A roundel has eleven lines arranged in three stanzas, the fourth and the final lines being a refrain which repeats the opening word or words of the first line. The rhyme scheme is ABAB (refrain), BAB, ABAB (refrain) - i.e., there are only two rhymes. The roundel is particularly associated with the English poet Algernon Charles Swinburne (1837-1909), who in 1883 published A Century of Roundels, a collection of a hundred poems in this verse form.

Roundels have been written in a great variety of metres; and the refrain in the fourth and final lines may repeat more or less of the opening line, sometimes only the first syllable (as in Swinburne's sequence of seven roundels entitled A Dead Friend), sometimes as many as six syllables (as in the final roundel of his sequence entitled The Death of Richard Wagner).

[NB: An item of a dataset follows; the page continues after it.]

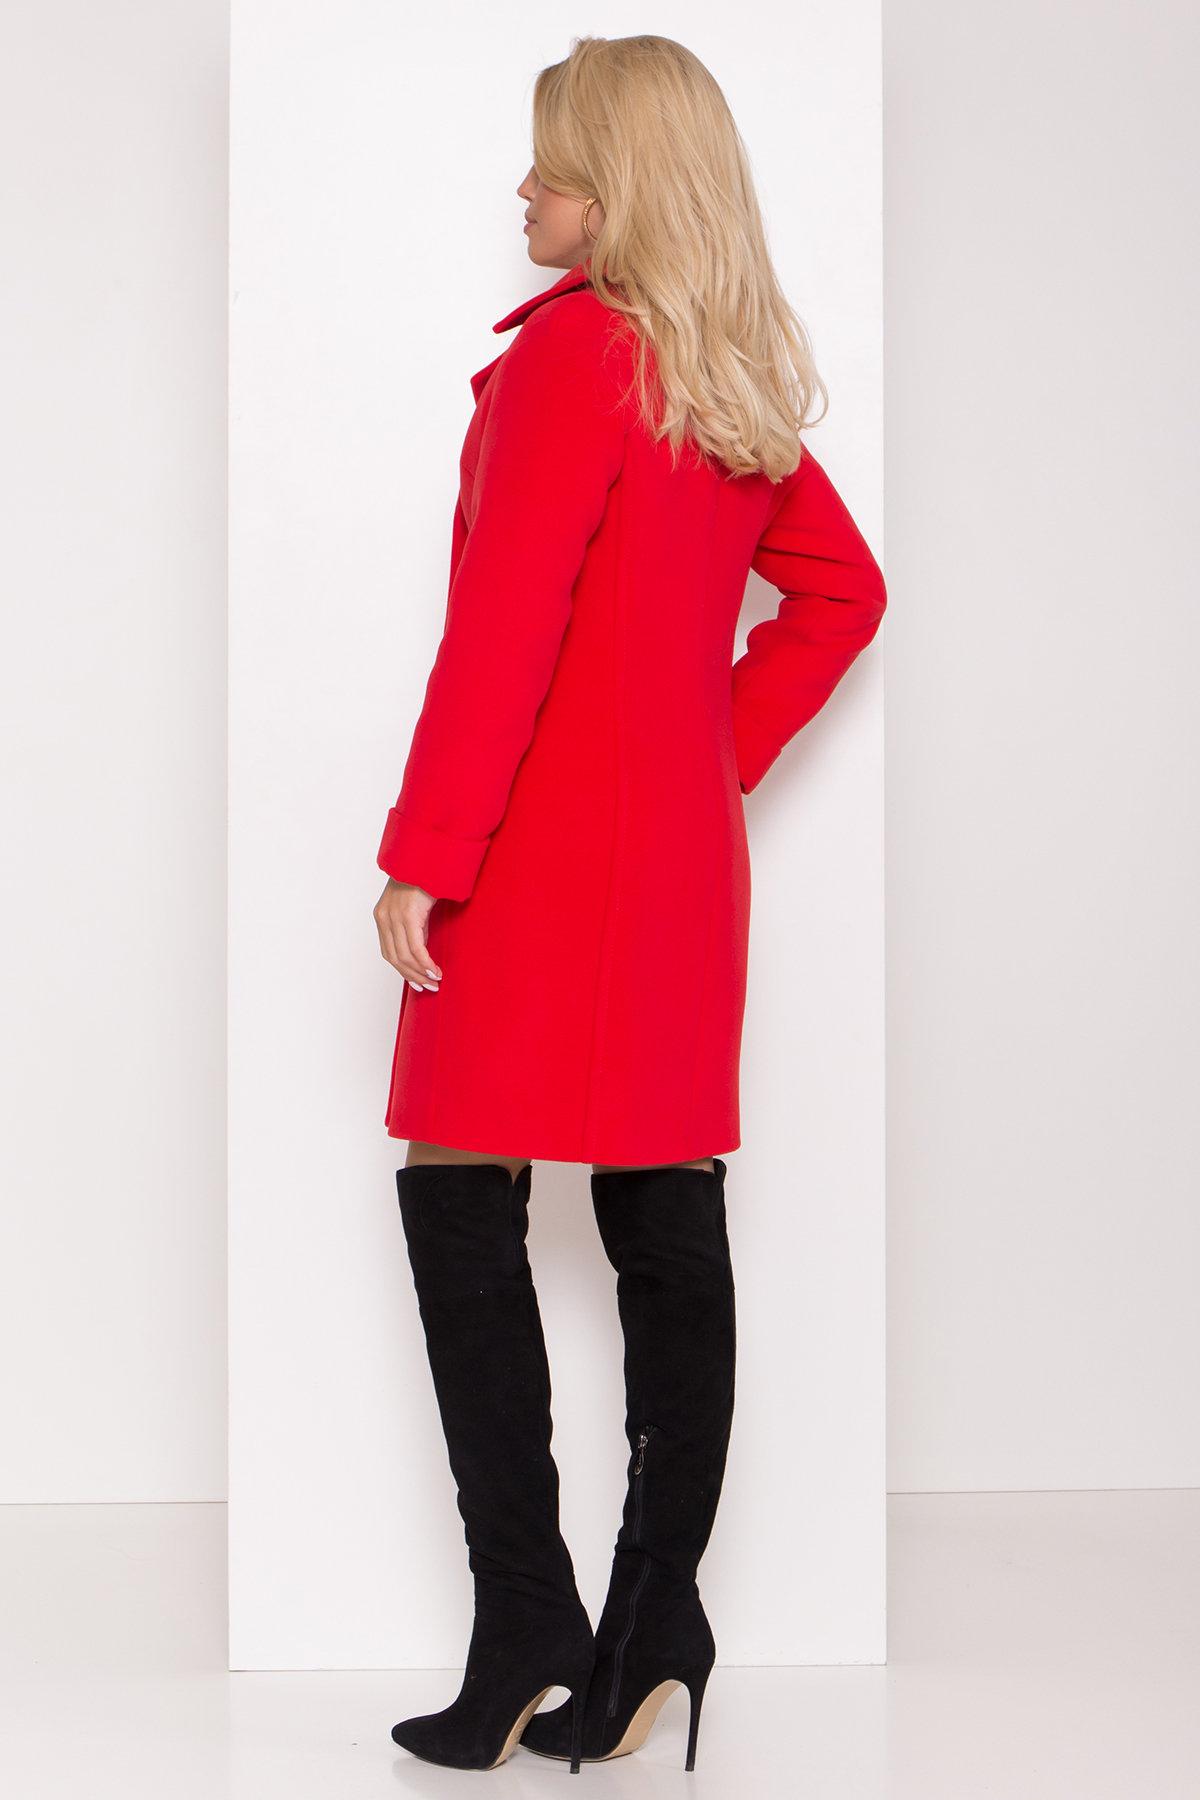 Зимнее пальто в классическом стиле Лизи 8179 АРТ. 44195 Цвет: Красный - фото 4, интернет магазин tm-modus.ru

Here as an example of a roundel is Swinburne's .A Singing Lesson:

Far-fetched and dear-bought, as the proverb rehearses,
Is good, or was held so, for ladies: but nought
In a song can be good if the turn of the verse is
Far-fetched and dear-bought.
As the turn of a wave should it sound, and the thought
Ring smooth, and as light as the spray that disperses
Be the gleam of the words for the garb thereof wrought.
Let the soul in it shine through the sound as it pierces
Men's hearts with possession of music unsought;
For the bounties of song are no jealous god's mercies,
Far-fetched and dear-bought.


See further rondeau and rondel.


As well as being a kind of poem, a roundel may also be

  • a circular mark which is painted on the wings and/or fuselage of a military aircraft and serves to identify its nationality;
  • a small round window, or any small round object such as a disc, panel, plate, or the like;
  • a piece of armour in the form of a round plate which had the function of protecting the armpit;
  • (in heraldry) a circular image or device on a coat of arms.